• Sergiy (3/5/2013)


    Steven Willis (3/4/2013)


    As for the time being bound to the date...well, no, not in this case. As I pointed out in the OP the data I'm getting from the application is actually in the form "10:35","14:22", etc.

    Oh, really?

    There is no any "ConnectDate" in the same row?

    And you cannot tell on which day that "ConnectTime2" has happened?

    Sorry, I find it very hard to believe.

    Because when Verizon charges a customer for the calls they summarize all call durations for a month, so they have to know on which day any particular connection was established and on which day it it was ended.

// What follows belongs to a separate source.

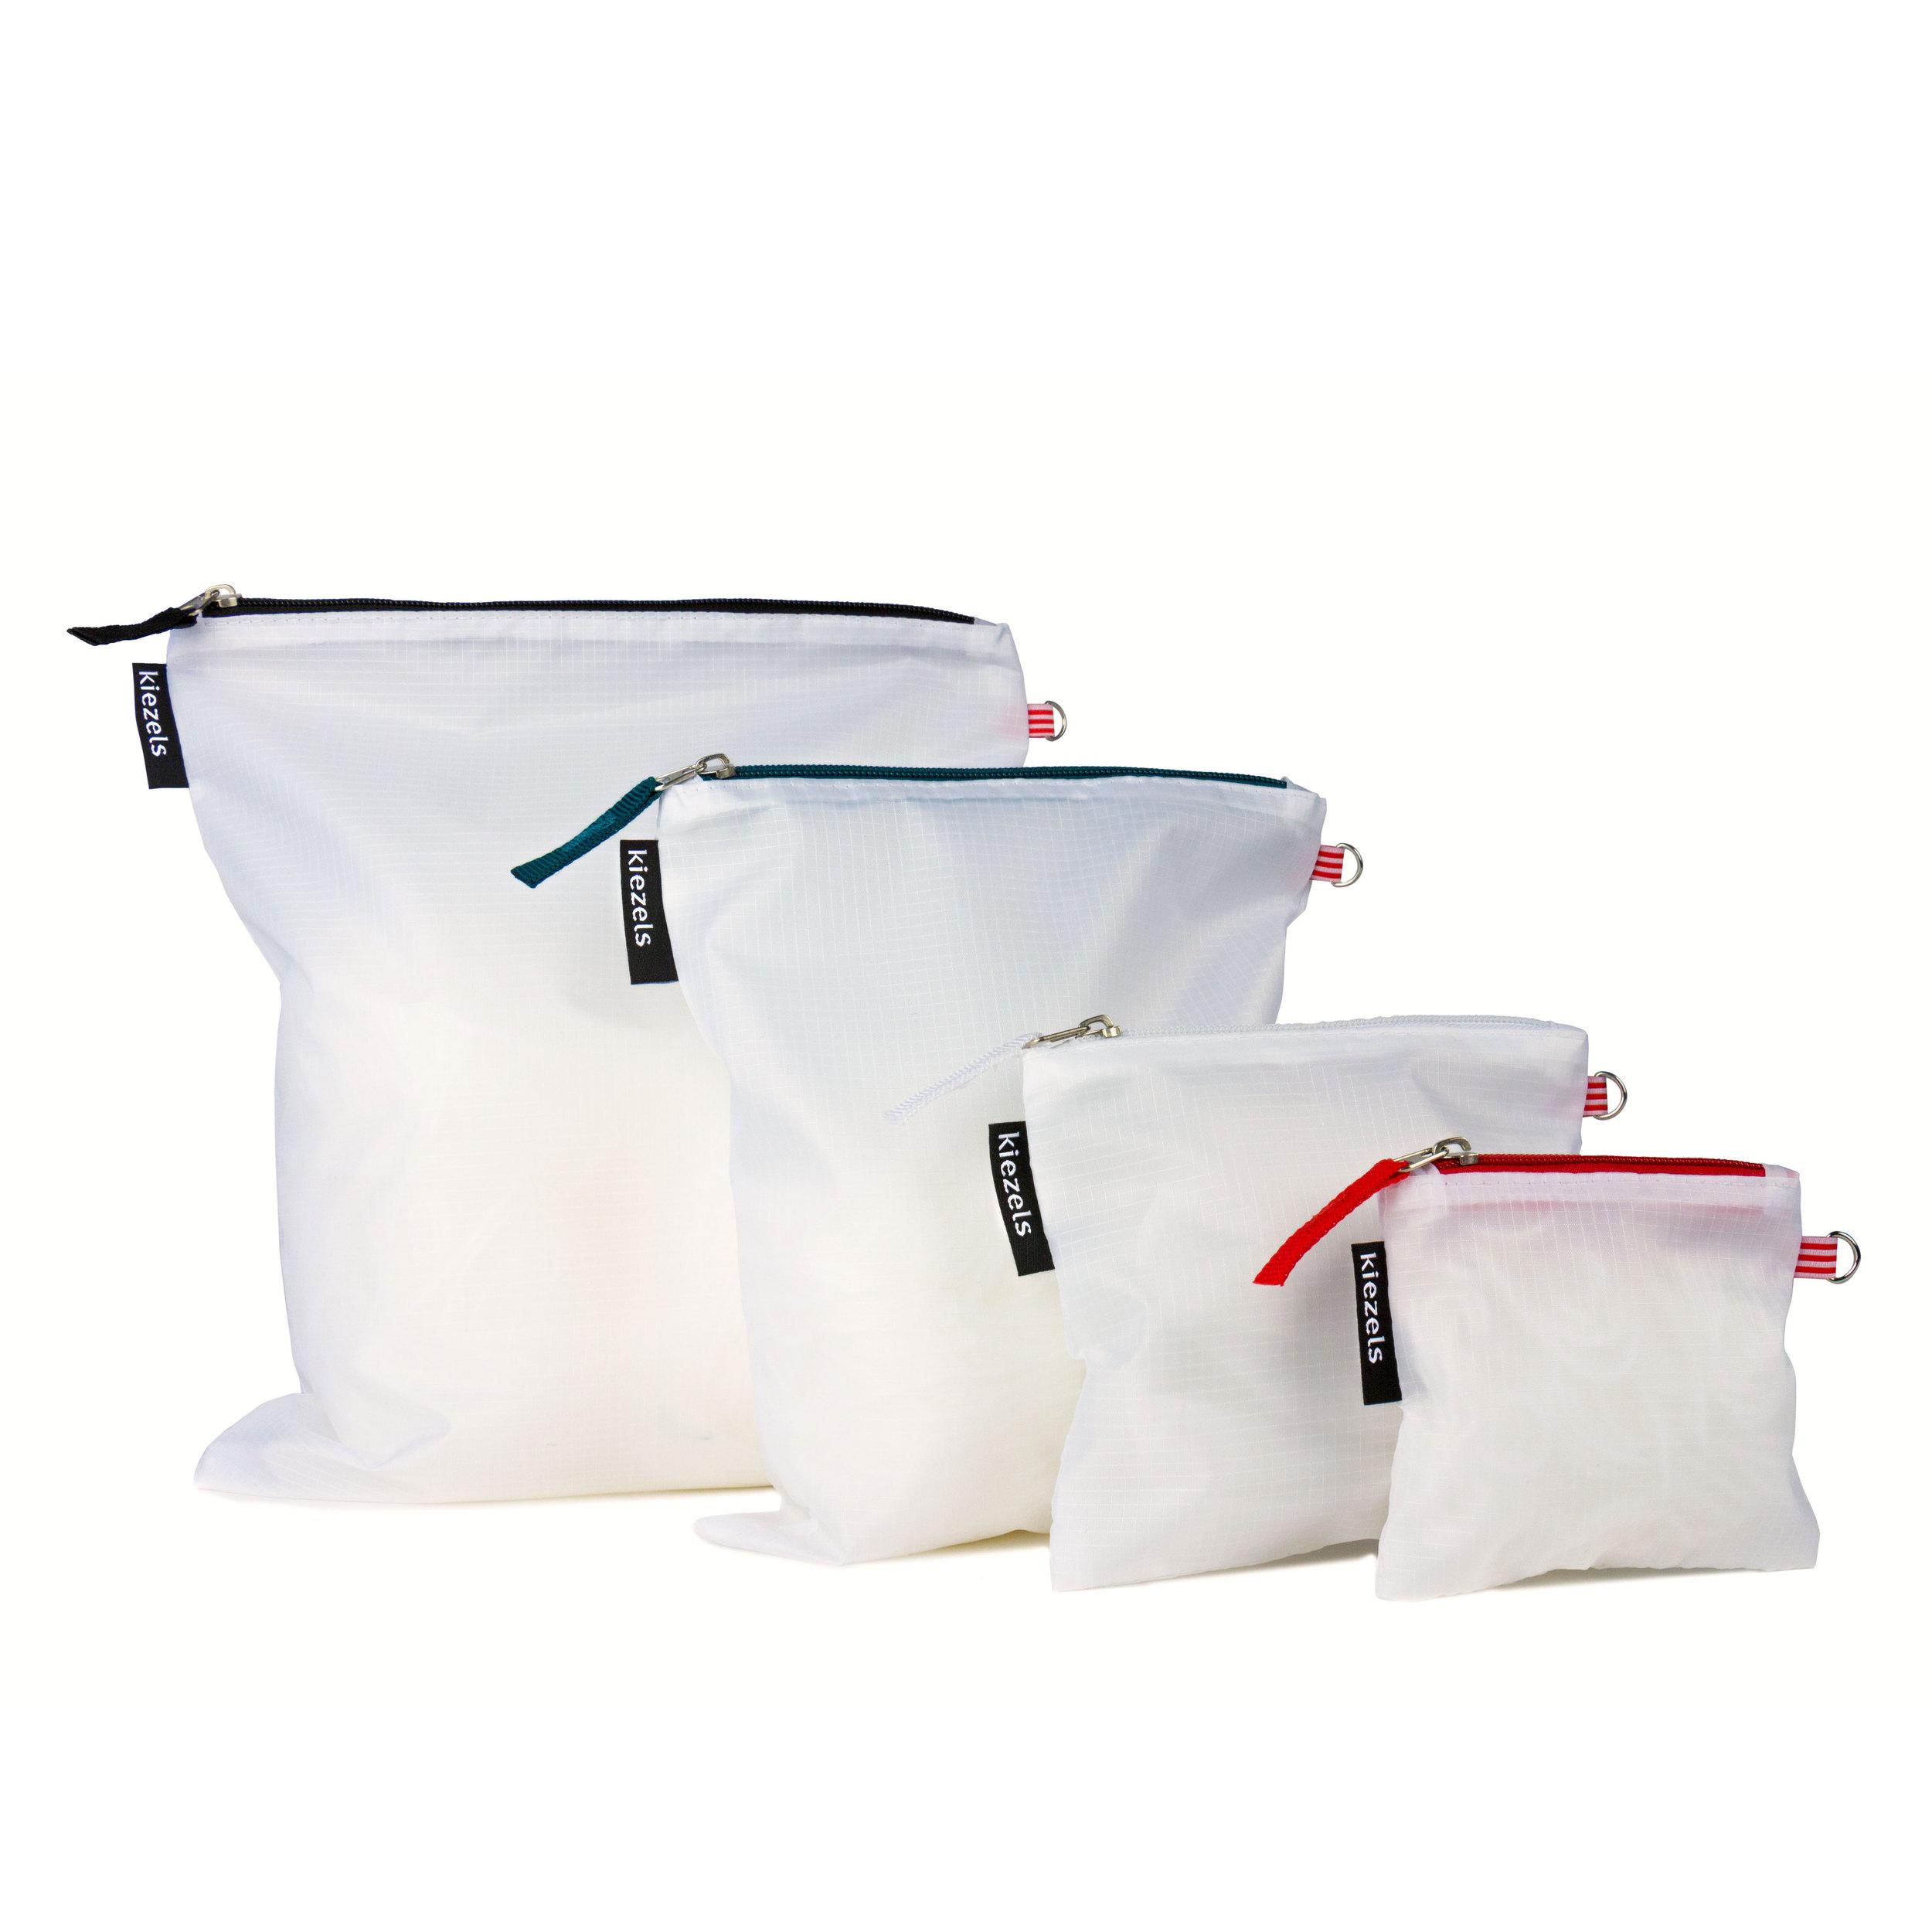 No. 205 Travel organiser bags - white € 18,50

    So please, do not tell anyone that the application stores only times with no dates. Because it's simply - not true.

    Whatever...

    These values "10:35","14:22", etc. are from an HTML form and they are posted as strings generated by a hard-coded HTML dropdown with the 5 character pseudo-"time" values as an option item in the select input. So they are just numeric-looking character strings until someone (me) does something with them. The list of "times" is not dynamically generated as the HTML form is just a static hard-coded form.

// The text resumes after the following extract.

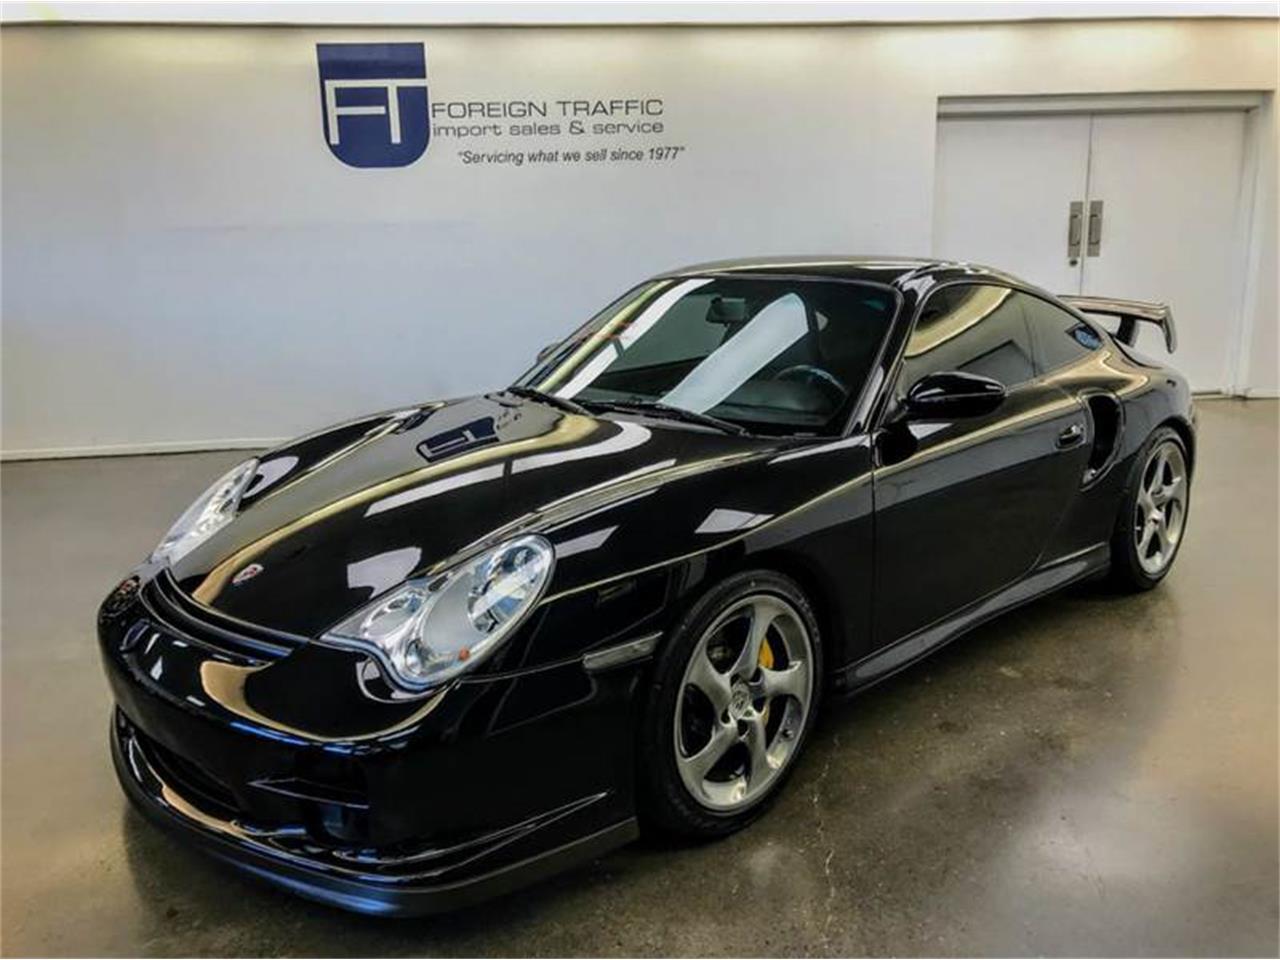 Large Picture of 2002 Porsche 911 located in Allison Park Pennsylvania - $129,950.00 - MFQA

    Now I wrote in my post above that I know the date these values apply to, but that date (also a string since this is HTML we are talking about) needs conversion also and I COULD IF I WANTED TO concatenate the date and the times to create a well-formed datetime value but as you have correctly surmised the date itself IS stored in another column already. As for the "time" column all I wanted to do was give the "times" back to the application in a manner that they would sort as time and not in ASCII sequence and allow me to determine durations between the values. I just didn't need to bother with the date-part nor did I care about the date-part since all of the time values in a particular batch ALWAYS belong to the same day. (Golfers don't have tee times that cross midnight into the next day. Maybe if the course was in the arctic I'd have to worry about that.)

    The post was originally made to show that there are rare cases like this where the date part doesn't matter. If that wasn't the case why would Microsoft have bothered creating a TIME datatype? I don't know what your issue is. I made an observation concerning a situation I encountered and if you never face such an issue then I guess the whole point is moot. I don't want to argue about it.